## Multi-Indexing (Hierarchical Indexing)

### Importing `pandas`

In [1]:
import pandas as pd

For this example, we create a simple table with the population of different states of the USA for two different years (2010 and 2011)

In [2]:
#definign a table (DataFrame)
df=  pd.DataFrame({'Country': ['California','California','New York','New York', 'Texas','Texas'],
                  'Year': [2010,2011,2010,2011,2010,2011],
                  'Population': [33871648,37253956,18976457,19378102,20851820,25145561]})

In [3]:
df

Unnamed: 0,Country,Year,Population
0,California,2010,33871648
1,California,2011,37253956
2,New York,2010,18976457
3,New York,2011,19378102
4,Texas,2010,20851820
5,Texas,2011,25145561


To create a multi-index DataFrame, we simply pass multiple column names to the `set_index()` function

In [10]:
#setting multiple index for the DataFrame
df_2 = df.set_index(['Country','Year'])

In [11]:
df_2

Unnamed: 0_level_0,Unnamed: 1_level_0,Population
Country,Year,Unnamed: 2_level_1
California,2010,33871648
California,2011,37253956
New York,2010,18976457
New York,2011,19378102
Texas,2010,20851820
Texas,2011,25145561


Given a `csv` file, we can read the those in `pandas` with the `pd.read_csv()` function and pass in the list of columns, which we want to set as index, in the `index_col` parameter as shown [here](https://stackoverflow.com/questions/19103624/load-csv-to-pandas-multiindex-dataframe)

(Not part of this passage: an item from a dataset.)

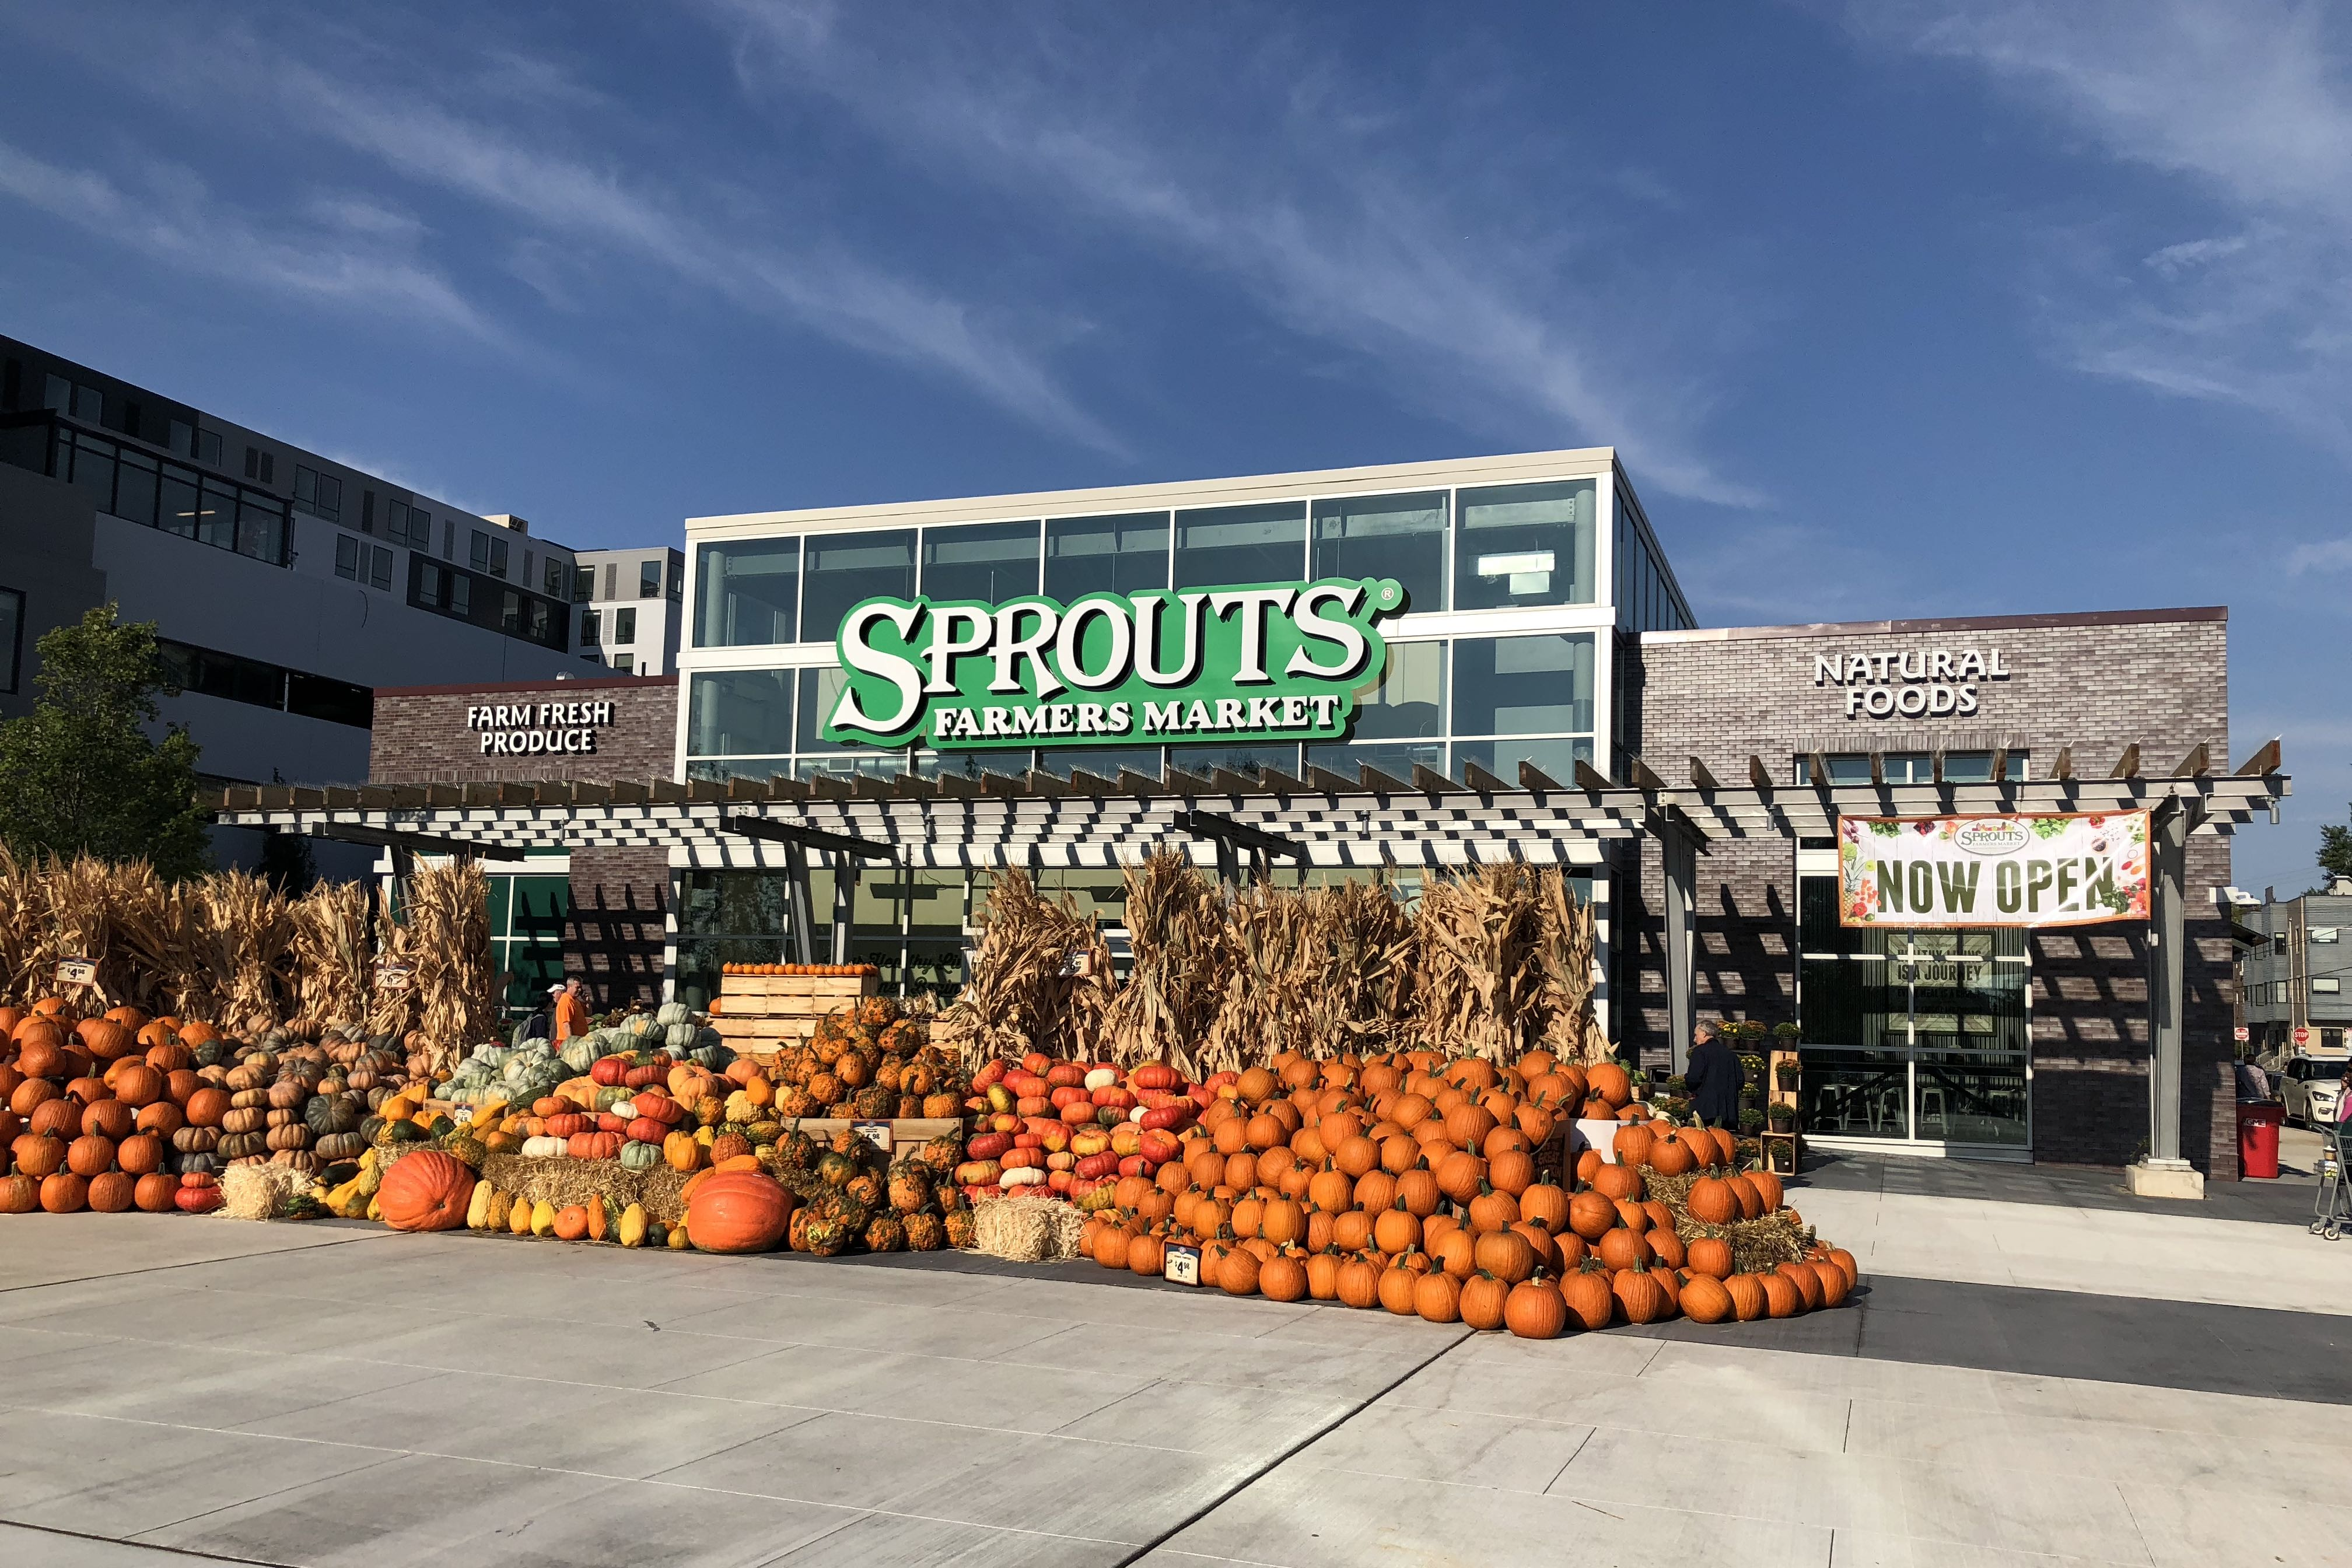 sprouts-farmers-market-broad-street

### To access individual data from a `MultiIndex` table

In [12]:
#accessing an element from the multiindex table
df_2.loc['Texas',2010]

Population    20851820
Name: (Texas, 2010), dtype: int64

In [38]:
table = pd.DataFrame({'col1': [1,2,3,4,5,6],
                     'col2': [6,7,8,9,10,11]})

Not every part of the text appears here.